Ülkede tarımda kullanılan alanın %77 si esas alınarak hazırlandığı belirtilen açıklamalarda çok iyi hazırlanıldığı söylenemez. Keşke üzerinde biraz daha çalışılmış ve en azından paydaşlarının görüşleri de dikkate alınmış olsaydı. Bir başlangıç olarak doğru olduğunu belirtmeliyim. Ancak sadece havza ve ürün bazında değerlendirme yanında bazı bölgelerin önemli ürünlerine de yer verilmiş olsaydı bu ürünlerinde yetiştirilmesi planlamaya dâhil edilmiş olunur, ülke ve tüketici için önemli bilinen bazı gerçekler dikkate alınmış ve daha iyi yönlendirilmiş olurdu.
Ülke için fevkalade önem taşıyan isim yapmış belli bölgelere has bitkilerin de teşvik edilmesi gerekliydi. Örneğin Taşköprü Sarımsağı, Maraş Sarımsağı, Çumra Kavunu, Ankara Yuva Kavunu, Kaşınhanı ve Beypazarı havucu, Karacabey domatesi…… gibi çok sayıda önemli yetiştirildiği yerle özdeşleşmiş tarım ürünleri o yörelerde desteklemeye ve planlamaya dâhil edilmeliydi.
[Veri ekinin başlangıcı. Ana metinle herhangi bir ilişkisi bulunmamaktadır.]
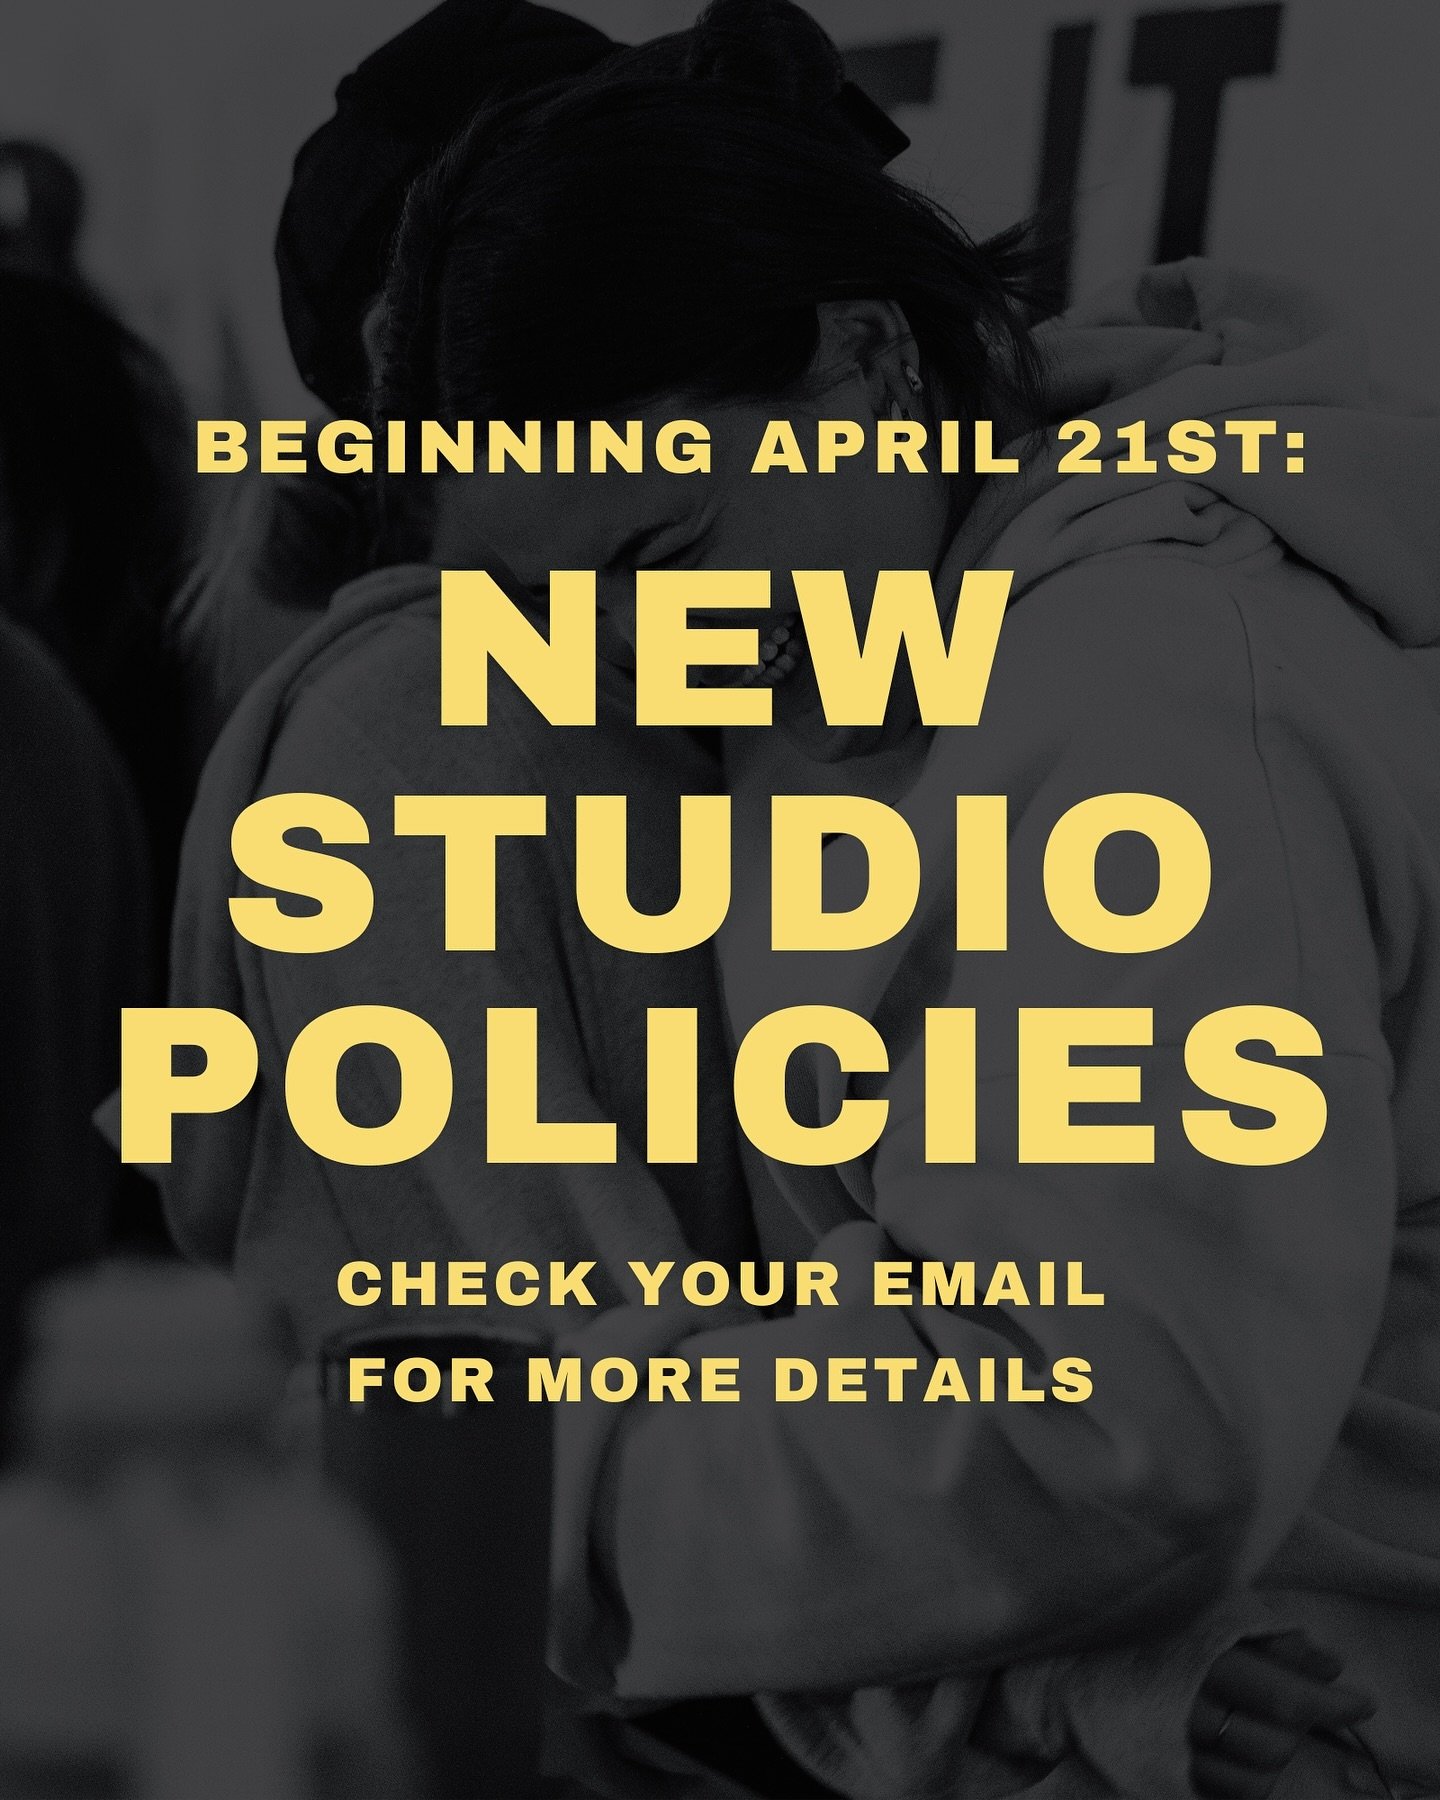 NEW POLICIES GO INTO EFFECT TODAY, 4/21. 📣

Grit fam, we sent a detailed email yesterday afternoon outlining everything you need to know. We aim to provide the best possible experience for our Grit community and are always here to help! Please email

Ayrıca Sayın Cumhurbaşkanımızın önem verdiği Kenevir bitkisinin de sanayisi gelişen illerde bu açıklanan destek ve planlama içerisinde yer almalıydı.
Bu belirtilenleri ve örneği çoğaltabileceğimiz birçok ürün hem ihtiyacı hem de ticari getirisi olan tarım ürünleridir. Konya 11 tarım ürününde ilk sıralarda olduğu yetkililerce açıklanmaktadır. Bu ürünler arasında desteklenmeyen ve planlamaya alınmayan ürünler de vardır. Bunlar yok sayılmamalı, hazırlanacak olan destekler ve planlamalarda bu ve benzer bitkiler özellikle yetiştirildiği bölgelerde desteklenmeye ve planlamaya alınmalıdır.
Tarım, önümüzdeki yıllarda stratejik açıdan daha fazla önem arz edecek bir sektör olacaktır. İklim değişikliği ve yakın dönemde küresel anlamda yaşadığımız riskler sadece tarımda özellikle gıdaya erişim anlamında da çok ciddi risklerle karşı karşıya olduğumuz bir gerçektir. Türkiye bu mevsim ve iklim değişikliklerinin en büyük olumsuz etkisi tarım sektörü üzerinde gözlenmektedir. Küresel ısınma ve iklim değişikliği nedeniyle tarım takviminde ve ekilen ürün çeşitliliği de bu planlama da dikkate alınarak bazı bitkilerin yeni bölgelerde yetişebileceği dikkate alınmalıydı. İthal ettiğimiz soya fasulyesi gibi ve sıcak bölgelerde yetiştirilmekte olan bazı bitkilerin araştırmacıların tavsiye ettiği bölgelerde yetiştirilmesi tarıma yenilik getirmesi önü açılmalıydı.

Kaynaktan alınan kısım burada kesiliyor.